Physical network as a result of transmission constraints, not anywhere on the network can capture packets of information. The most commonly used for Ethernet, older shared Ethernet to eavesdropping at any one location all the information packets through the network, and exchange of new Ethernet switches to isolate the flow of data in different computer, therefore more secure. However, no matter how the network, the router is always a very critical position, all the inflow and outflow of data networks have been this particular computer, if an attacker eavesdropping on the router will cause a very serious security issues.
Switched Ethernet does not guarantee that can not be 100% not tapped, tapping those clever deception through Ethernet switch to complete the task of tapping, but this specific switches need to attack the weakness, in fact, very difficult.

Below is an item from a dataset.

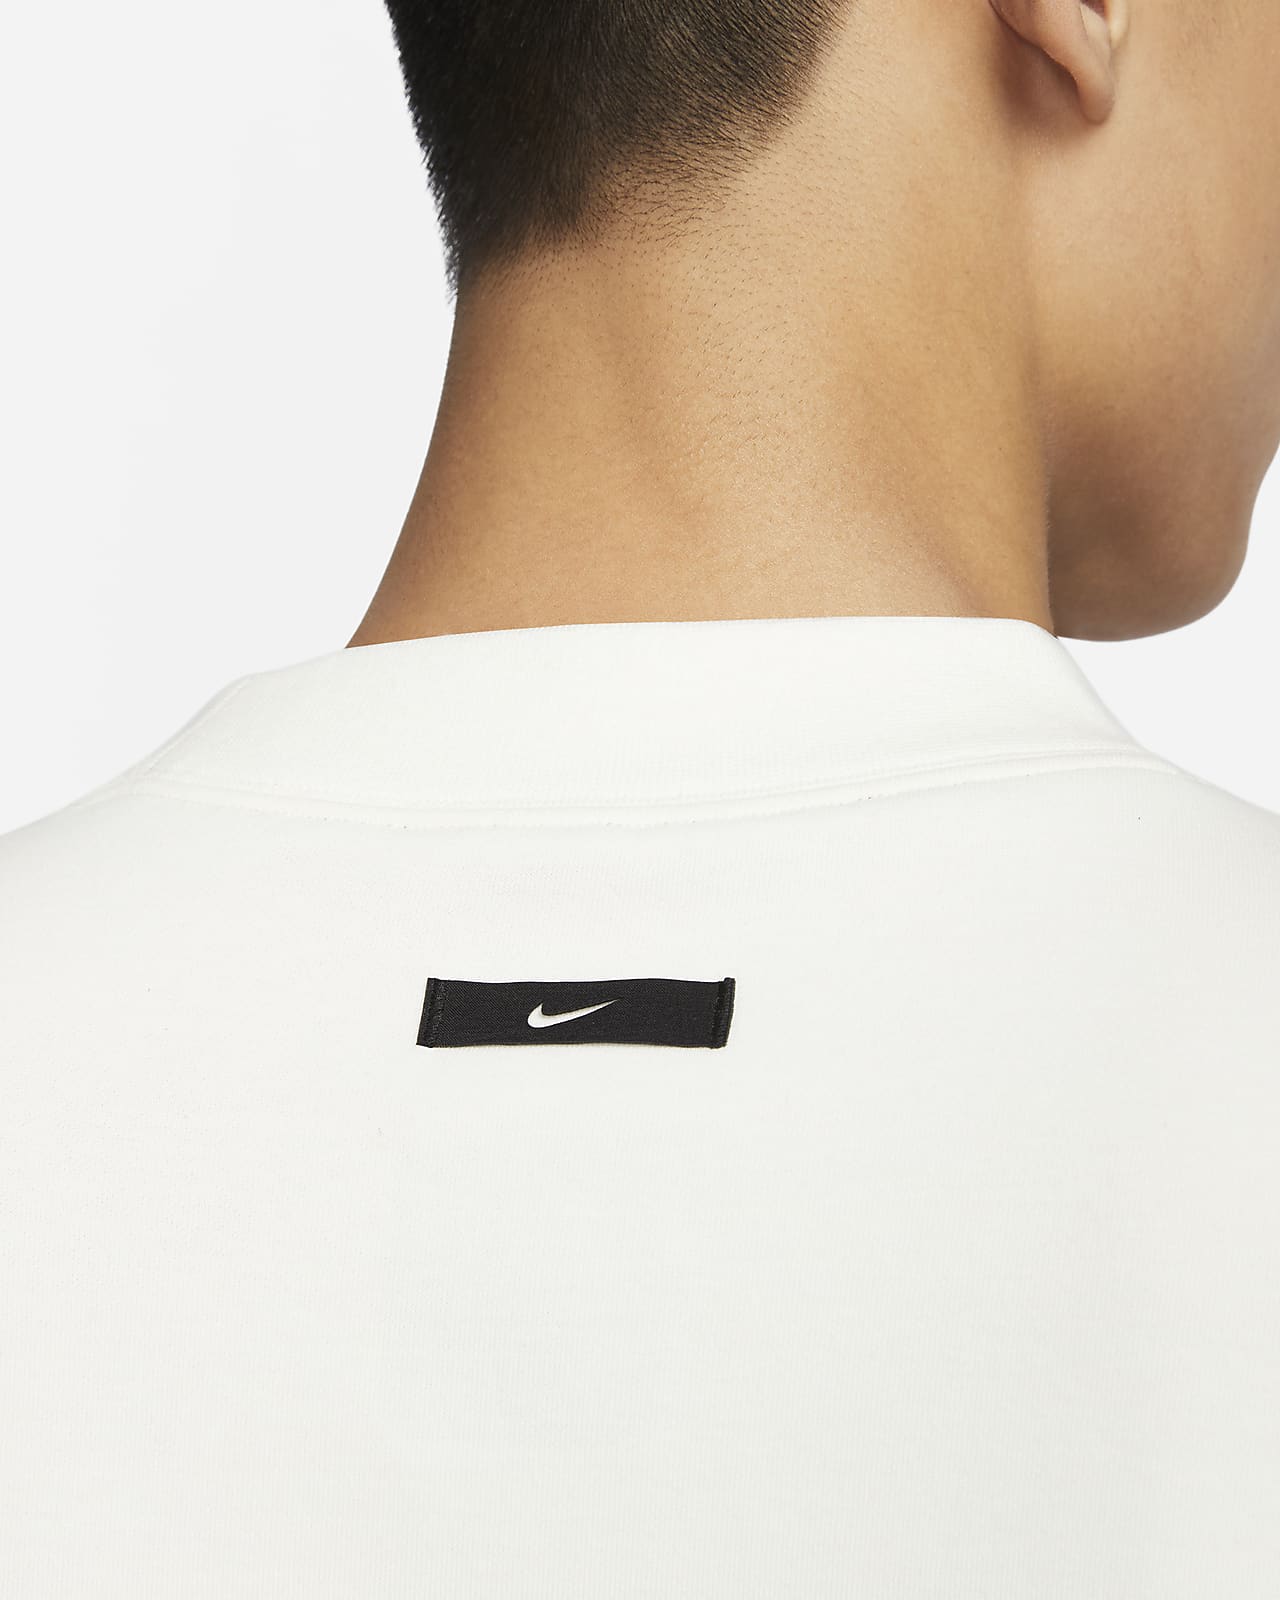 Nike TECH Fleece RI S/S TOP Tops 新品 M L 18% cm ライン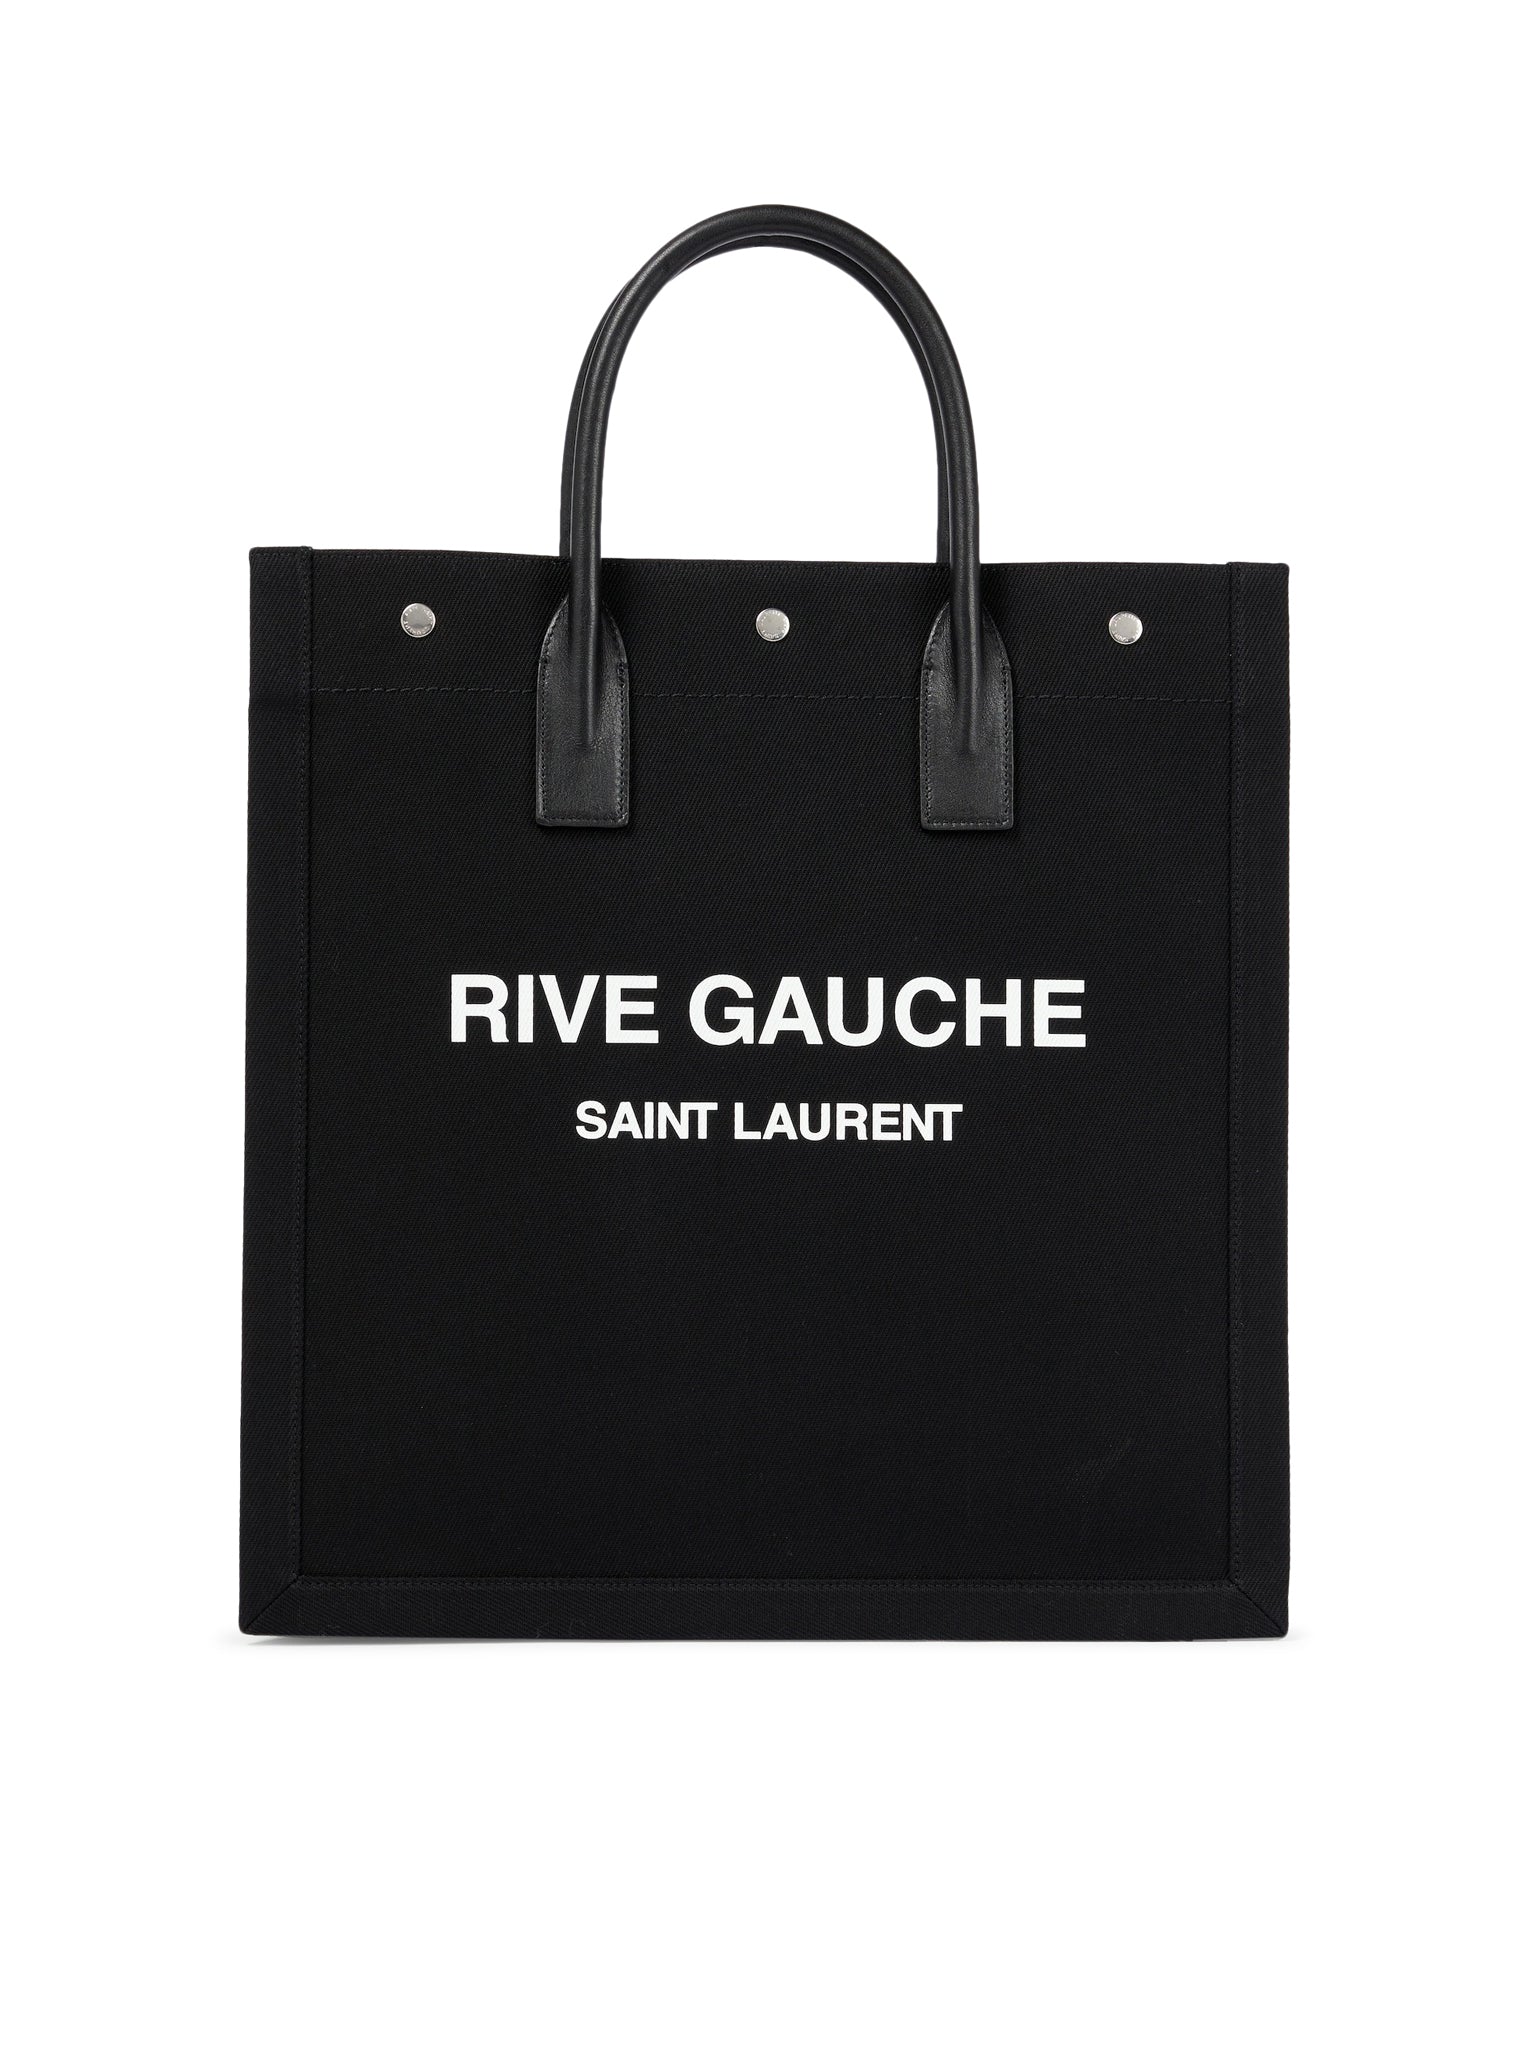 RIVE GAUCHE N/S CANVAS TOTE BAG

Ways to guard against eavesdropping is to encrypt the data transmission, the most simple use cases do not specifically certified to transmit important information. FreeBSD can be used in the Kerberos password authentication to ensure that transmission is not tapped. Furthermore, encryption can be used to support the transmission of the important applications of data transmission, such as ssh. In the data through the insecure network Virtual Private Network settings can also solve the problem. There will be more and more applications that support IPSec, the security no longer have transmission problems.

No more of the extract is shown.